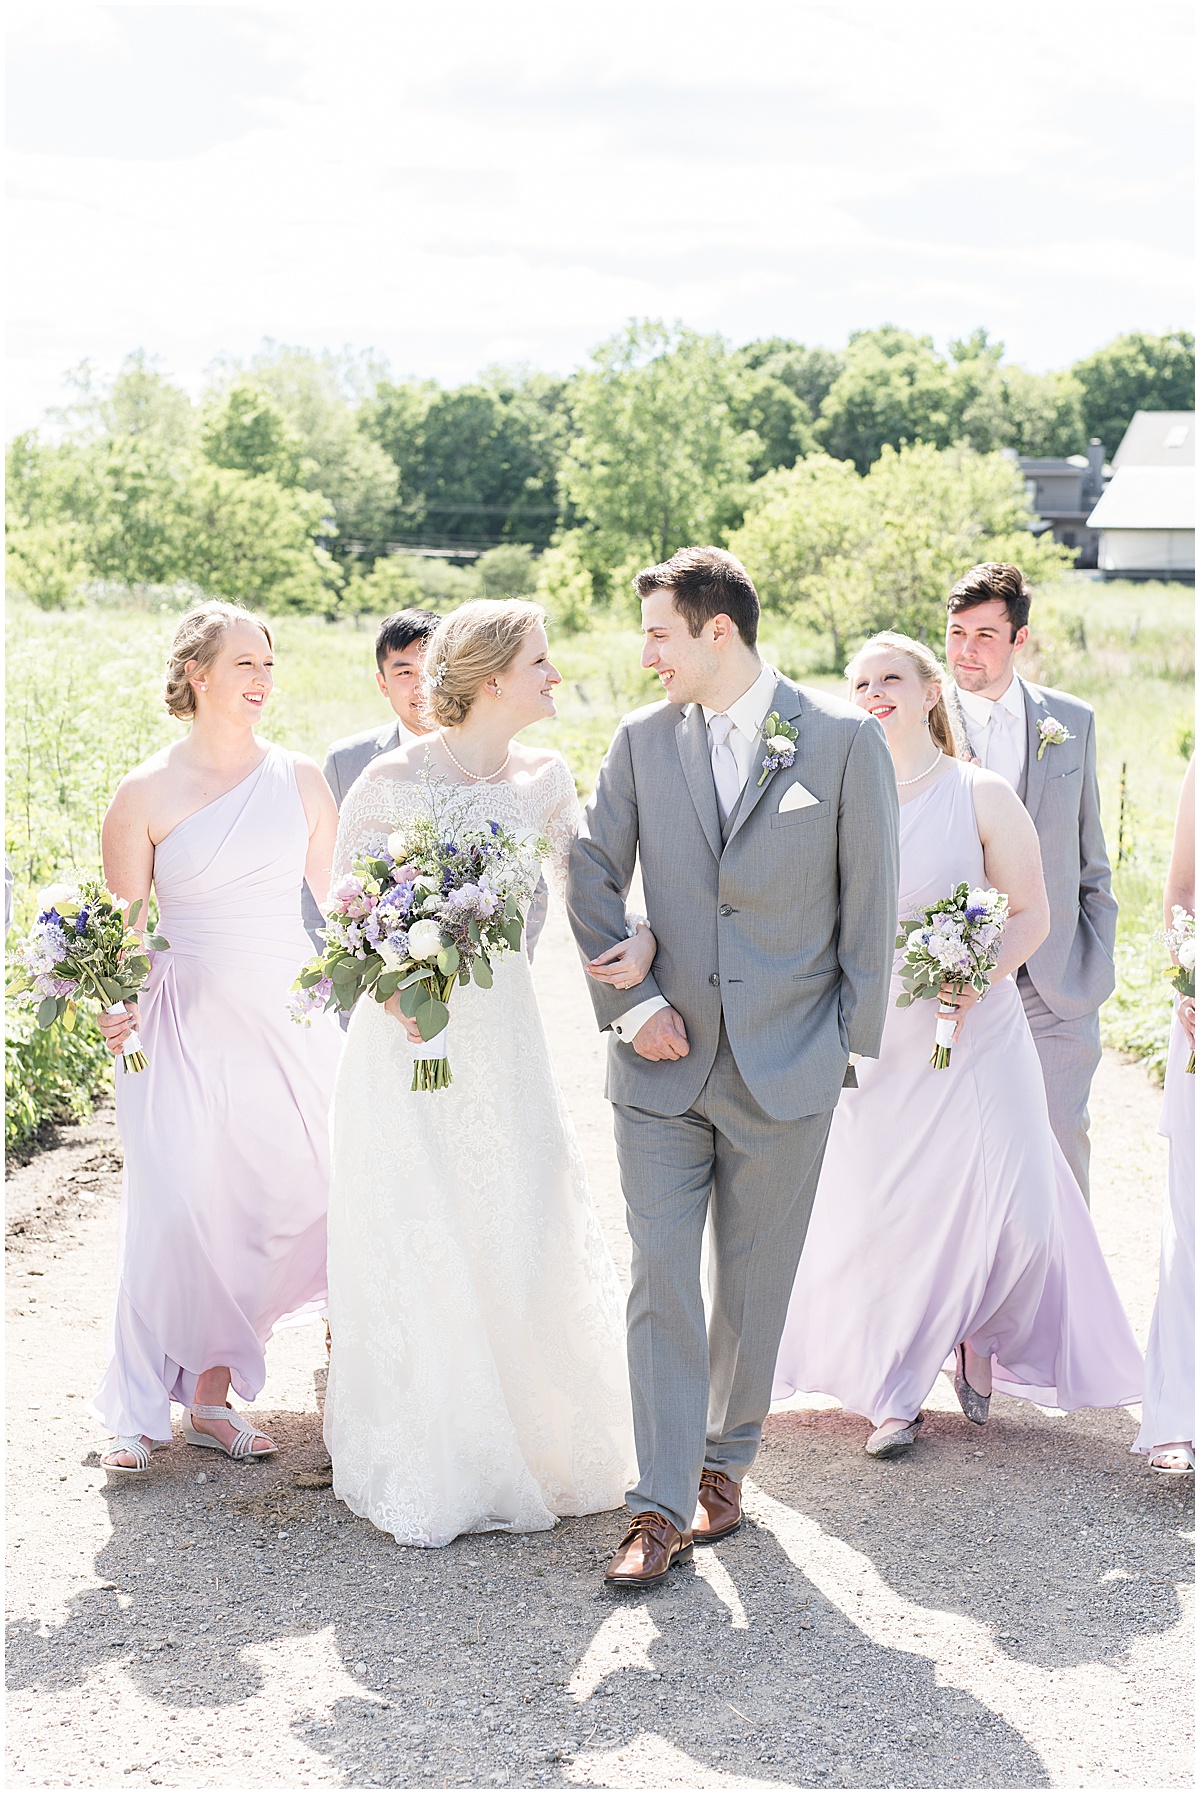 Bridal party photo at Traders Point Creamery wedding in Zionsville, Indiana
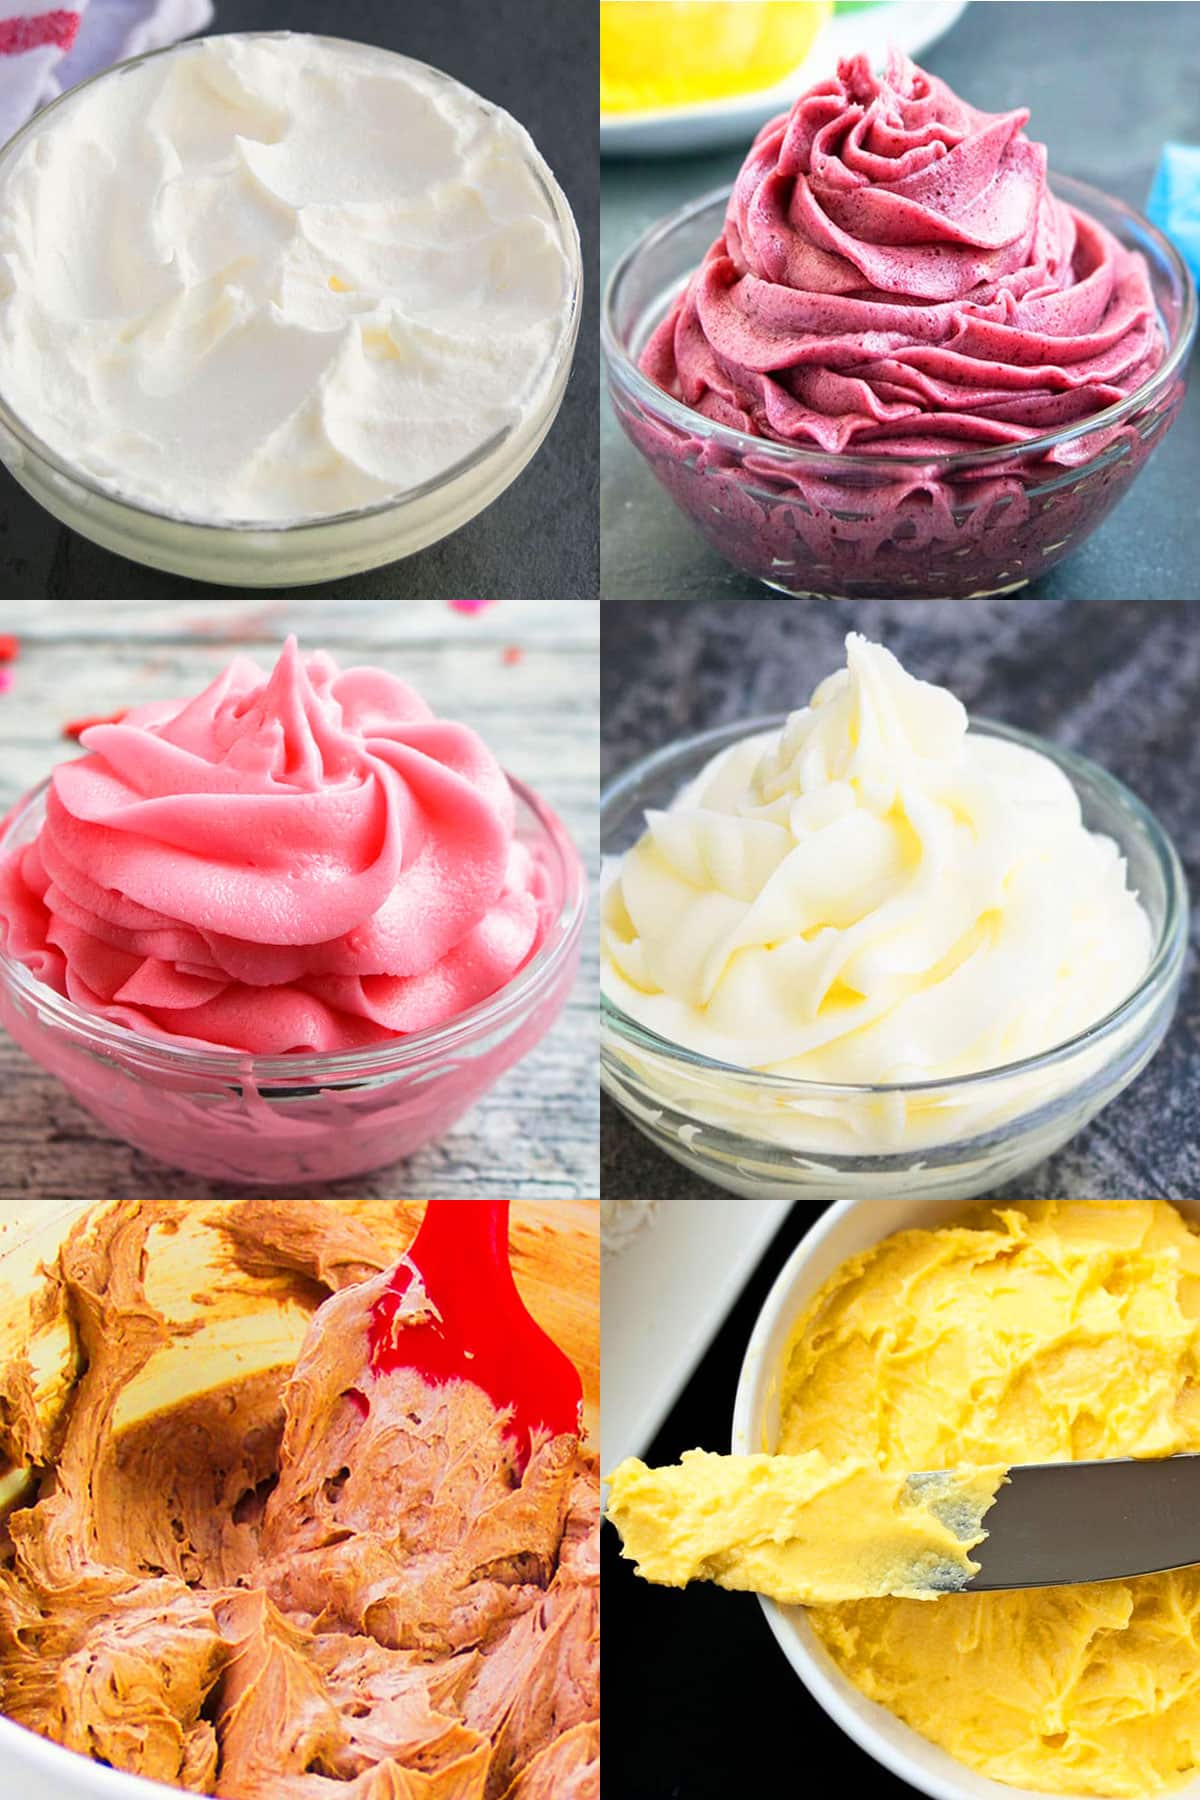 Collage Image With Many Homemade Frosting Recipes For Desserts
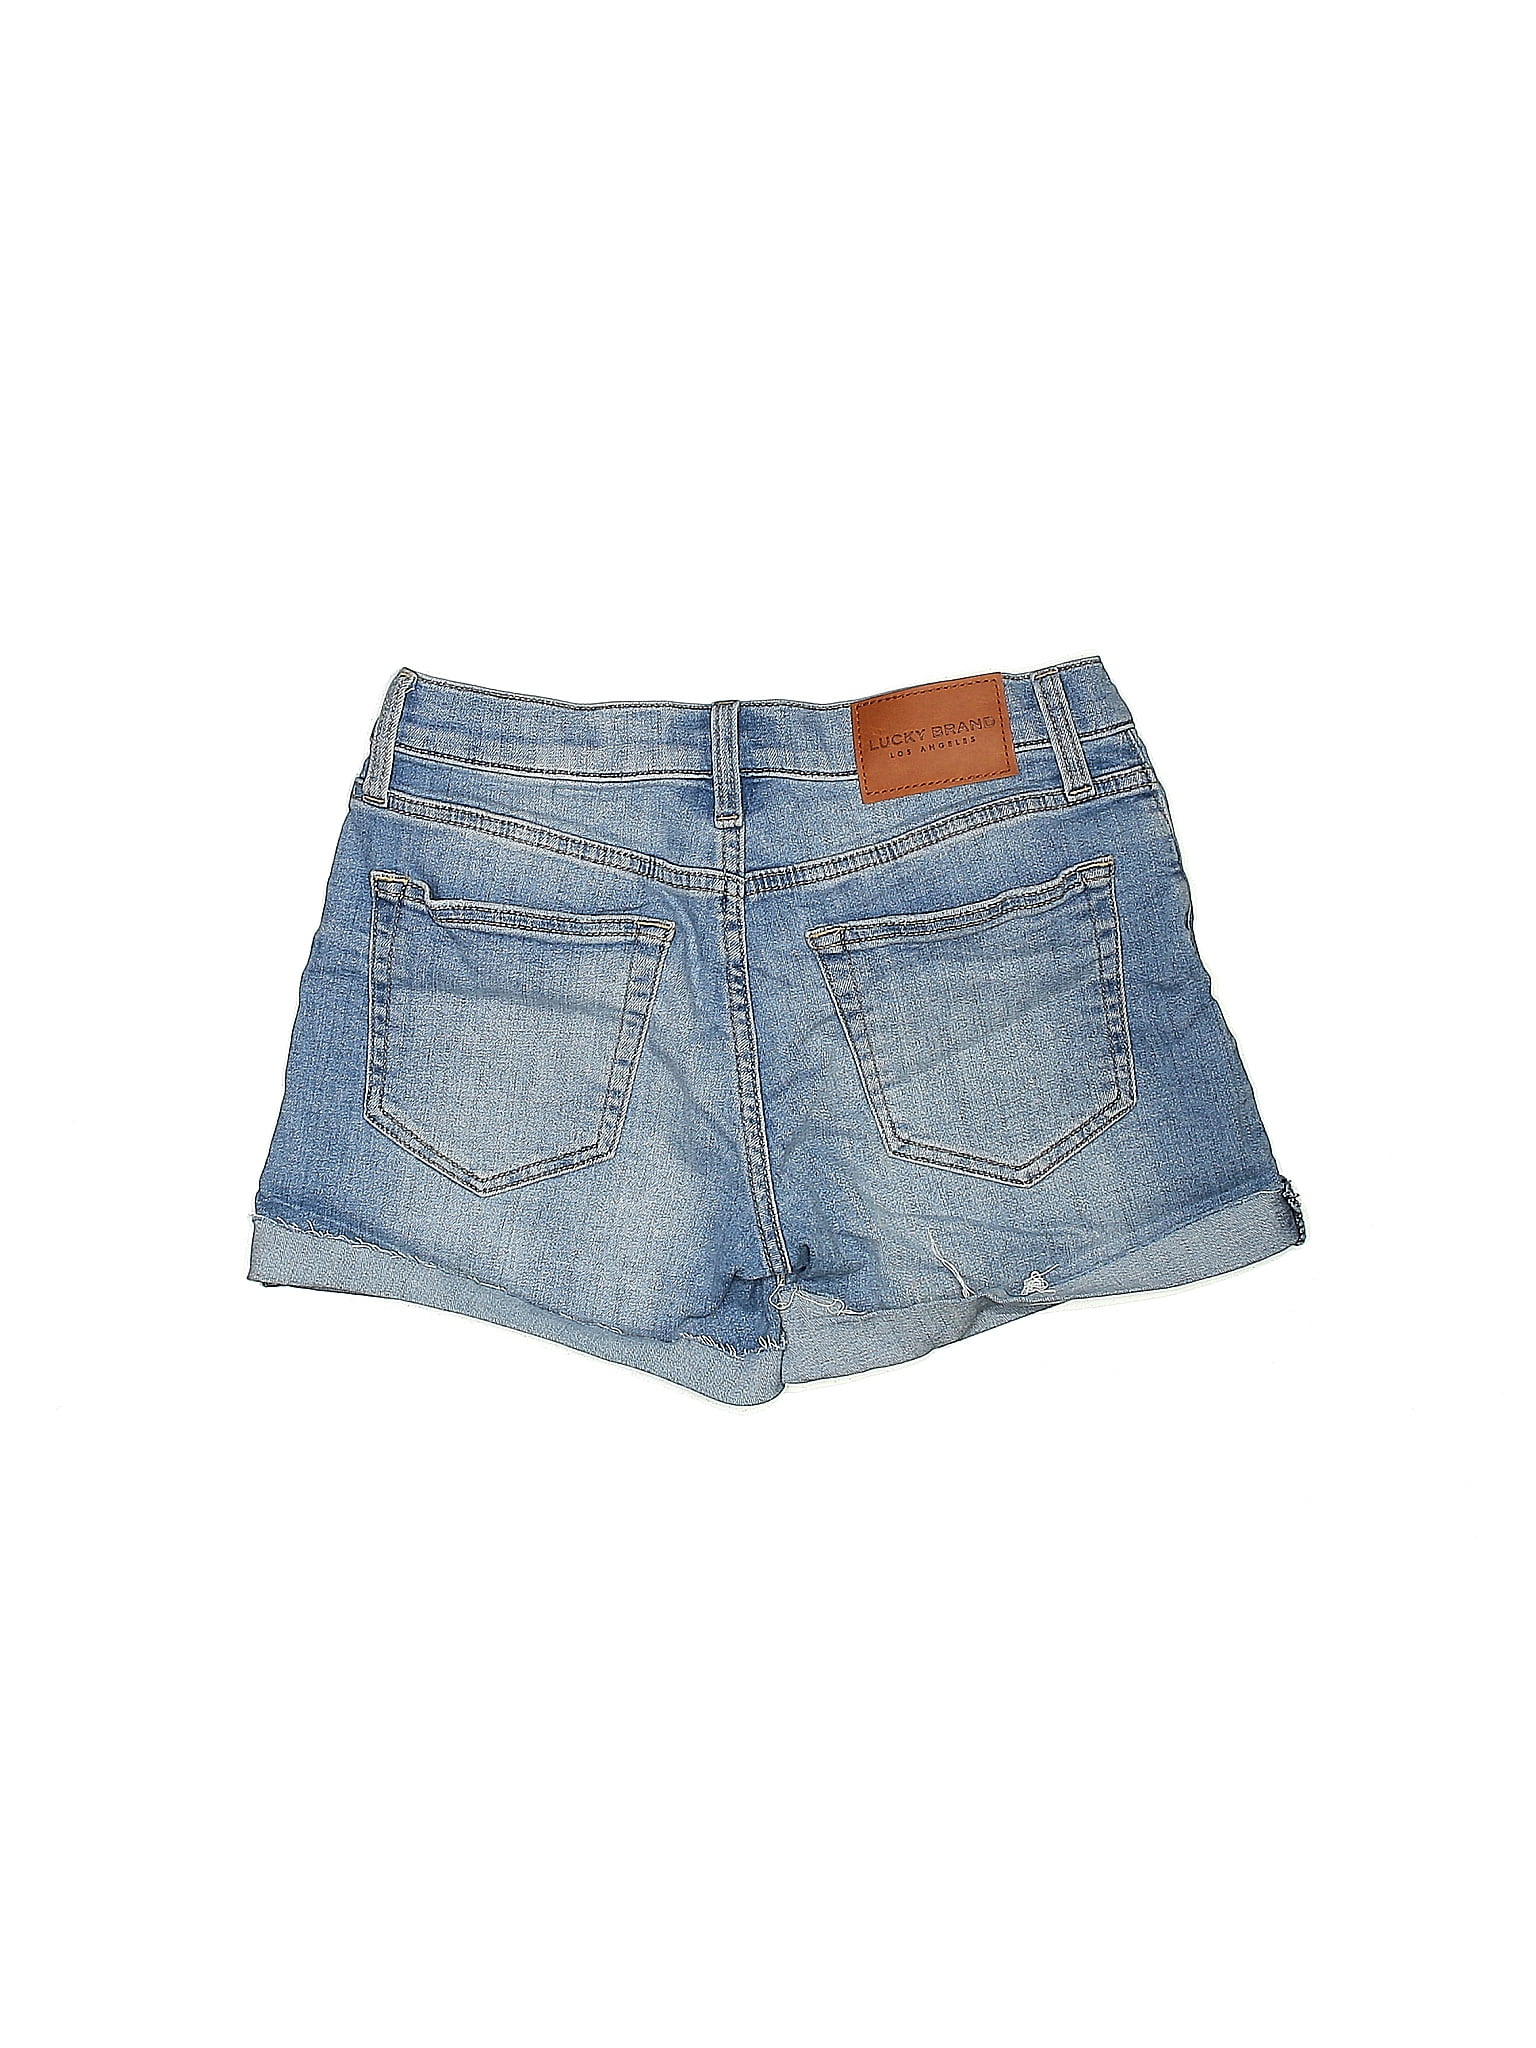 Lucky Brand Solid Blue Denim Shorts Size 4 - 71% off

WHAT YOU SHOULD DO: Omit the pictures, then print the rest of the listing above exactly.

ANSWER TO THE PROBLEM:
 Bridal party photo at Traders Point Creamery wedding in Zionsville, Indiana
 Collage Image With Many Homemade Frosting Recipes For Desserts
 Lucky Brand Solid Blue Denim Shorts Size 4 - 71% off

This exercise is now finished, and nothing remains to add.